The word church as used in the New Testament comes from the Greek word “ekklesia“. According to Strong’s Concordance it means “an assembly” and according to Thayer’s Greek Lexicon it means “called forth”. The church is meant to be a body of people who have been called forth to gather together. That does not have anything to do with the constraints we have put on “church”. There are no rules about what days, times, types of buildings, etc we are to use to gather together. First and foremost we are to gather together in praise and thanksgiving to God, and that needs to be done every single day, not only on Sunday mornings. How many people do church one hour a week and call it good, separating church from the rest of their lives. When did church become and event instead of lifestyle?

I certainly do not need to go to a building to follow Jesus Christ or to worship and to praise Him, to love Him, to hear from Him, to have a relationship with Him, to love others more, to follow the call He has in my life. Does that mean that we should stop going to church? No, that is not what I’m saying. But we need to be very careful to not let church define who we are, and stop putting Christianity into a box of what we think it should look like, how we should behave, and who we should be. Following Jesus Christ has nothing to do with any of those things whatsoever. Following Jesus has to do with surrendering your whole heart and soul to the one Creator God, giving yourself and your worship and adoration. After that the rest is easy. You just follow Him.

“Not everyone who says to me, ‘Lord, Lord,’ will enter the kingdom of heaven, but the one who does the will of my Father who is in heaven. On that day many will say to me, ‘Lord, Lord, did we not prophesy in your name, and cast out demons in your name, and do many mighty works in your name?’ And then will I declare to them, ‘I never knew you; depart from me, you workers of lawlessness.’ Matthew 7:21-23

I have had so many different ideas of what it looks like to be a Christian, or how I should act, or what I should do. God has deconstructed each one of them and started to show me that instead of forming my own ideas, I need to go to the One who formed the entire universe and His hands. I need to seek Him first and His Kingdom and then everything else will be added to me. It works differently for every person because God created each of us uniquely. God has a special call on each one of our lives and each call is to do something amazing in His Kingdom. But we need to stop being bogged down but by our own misconceptions about what following Christ looks like. We need to be willing to surrender those ideas; those prefabricated molds, that have been placed upon us, and start living for Him instead. We have no idea what God has in store for each one of us.
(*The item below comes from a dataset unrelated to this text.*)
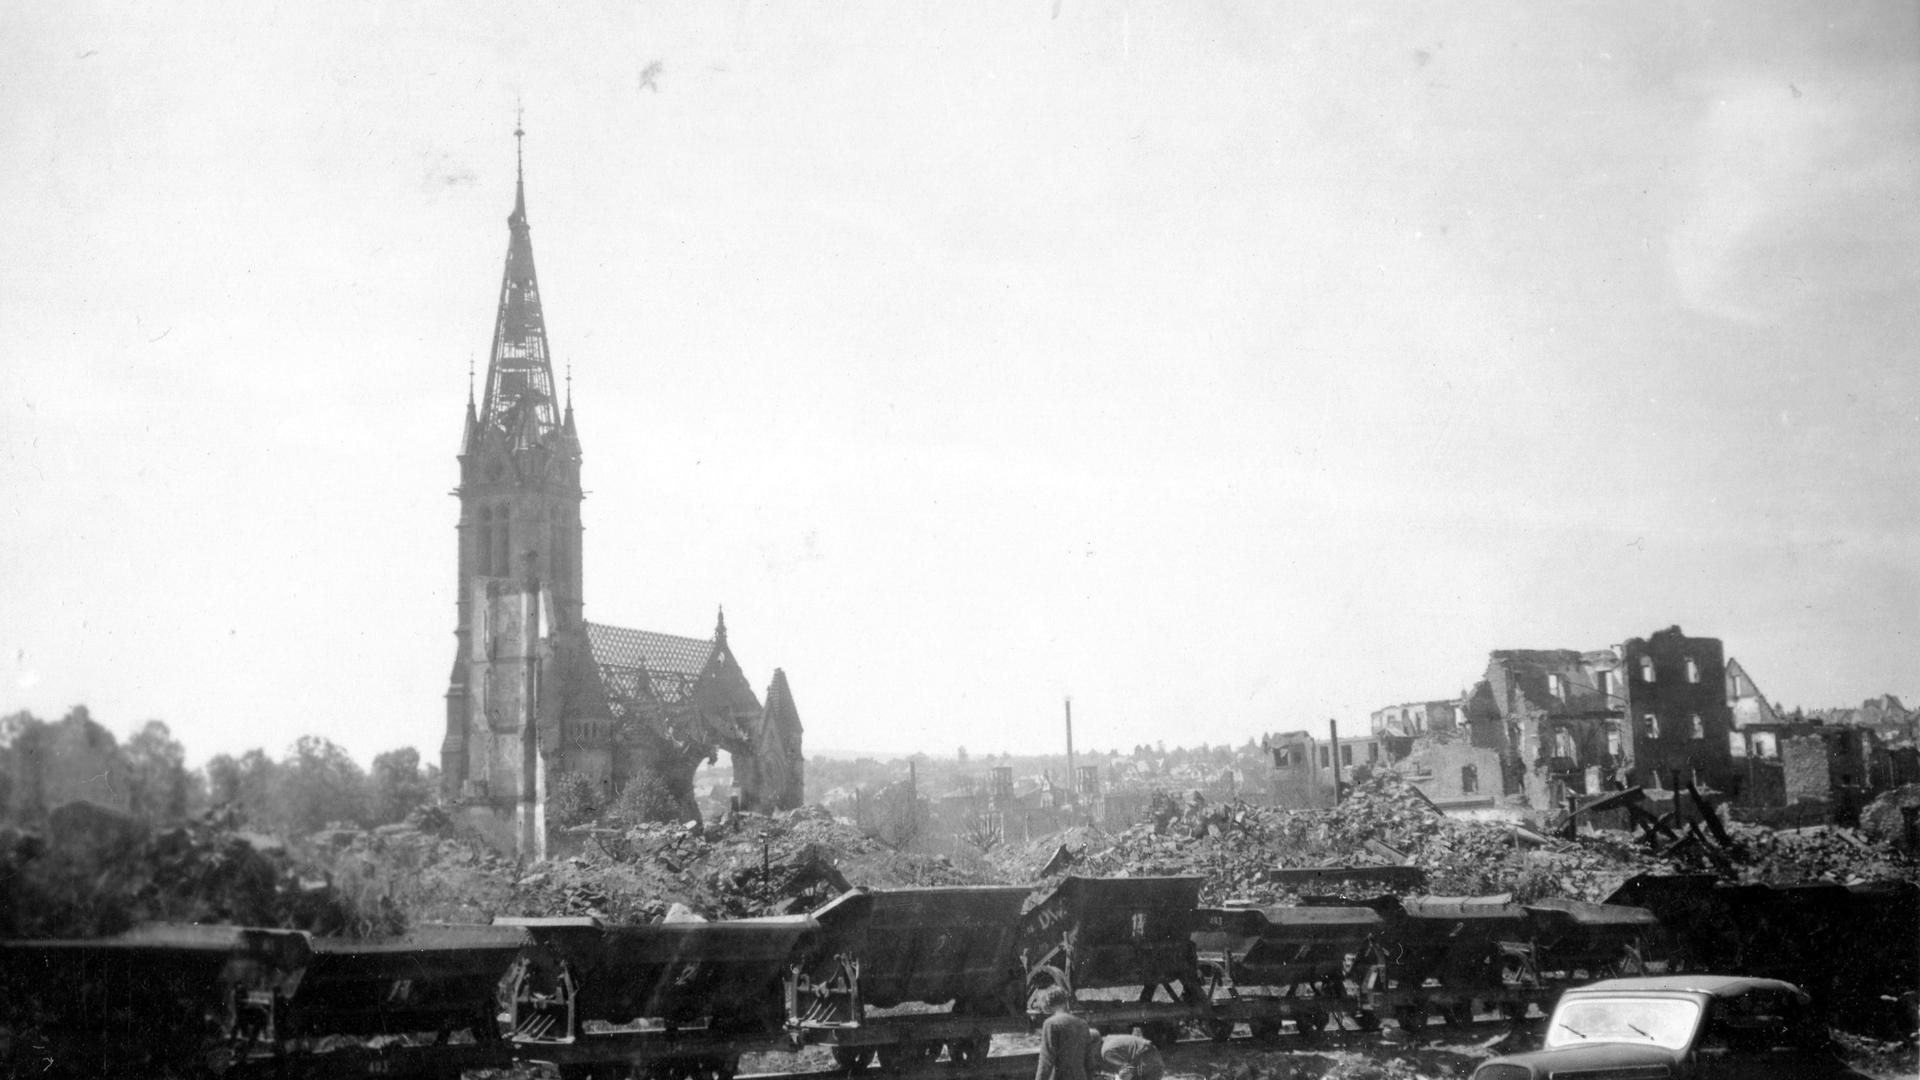 Bilder des Grauens: Der Feuersturm, entfacht durch den Luftangriff britischer Bomber am 23. Februar 1945, hinterließ die Pforzheimer Innenstadt als einziges Trümmerfeld. Auch die Stadtkirche wurde zerstört. An diesem Abend starben weit über 17.000 Menschen.

Our minds can’t even fathom what God would have us do. Much like Gideon, we are all hiding away, just trying to keep ourselves busy doing the work we think we should be doing, but instead God has been calling you out saying “mighty warrior just take one step to trust me and see what I will do with you”. It’s okay to question. What’s not okay is turn your back and say “Not me Lord”.

I have no idea what the future holds for me and my church life. But I do know one thing: God is healing me. God is transforming me making me new and raising me up to be who He wants me to be. As long as I’m faithful to keep following Him and surrendering, He will be faithful to complete the good work. I have visited some other churches in the area and attended some events at my own church. Whatever happens I will continue to be open to following the spirit wherever He leads. Even when it’s difficult, even when I don’t want to; because I trust Him. If God loves me enough that He would come down to earth and live a human life, and know rejection and abandonment and pain and torture, just like I have; and I know He loves me enough to take good care of me.

Now you are the body of Christ and individually members of it.